Going from there to the “but email clients are too difficult” end of the spectrum, I chatted with a company that does secure document silos — to which I largely responded “why on earth would I want a new, locked-down, non-interoperable web-based silo for document exchange?” This might signal a difference in workflows — I have different client apps for different activities (but because it’s KDE4 they integrate really well) and don’t see much value in having to go to a website to retrieve a document when encrypted attachments (S/MIME or otherwise) have been part of email for tupping ages. The company (DigiNotar) claims that that’s too complicated, and I suppose for people who have a web-browser based workflow anyway, that kind of makes sense.
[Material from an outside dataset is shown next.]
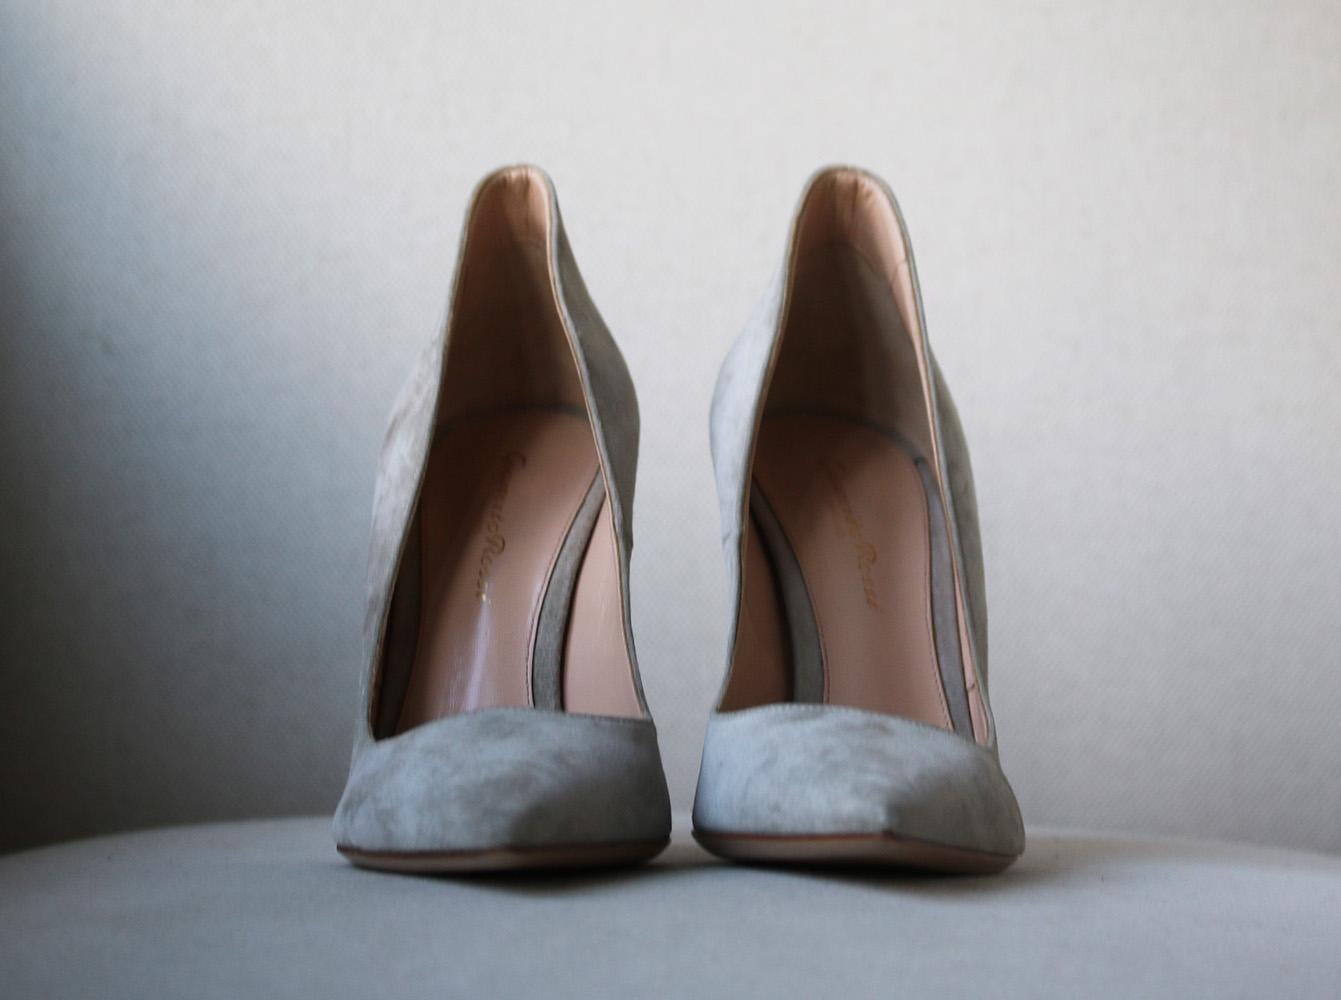 Gianvito Rossi has designed countless beautiful shoes over the years, but he says these 'Ellipsis' pumps are one of his favorites for their simplicity. Defined by an ultra pointy toe and slender stiletto heel, they're made from textured light grey

Especially if the silo combines document management with security — the idea behind the silo is partly that you can keep better logs of document access and document reading. Again, a move towards being able to say “I know you read the document, because you were logged in (with your client certificate) and downloaded the encrypted version offered by the portal and then sent back a signature on the document.”
For such a silo my concerns quickly turn to interoperability; I have a bank that communicates with me through such a closed sercure silo — or rather, it doesn’t communicate with me because their silo doesn’t work with my choices of browsers (and the one they do support doesn’t run on my hardware).
All in all, good to see work on privacy going on; in so far as it’s possible to get a good idea of what’s going on from a chat at a trade fair.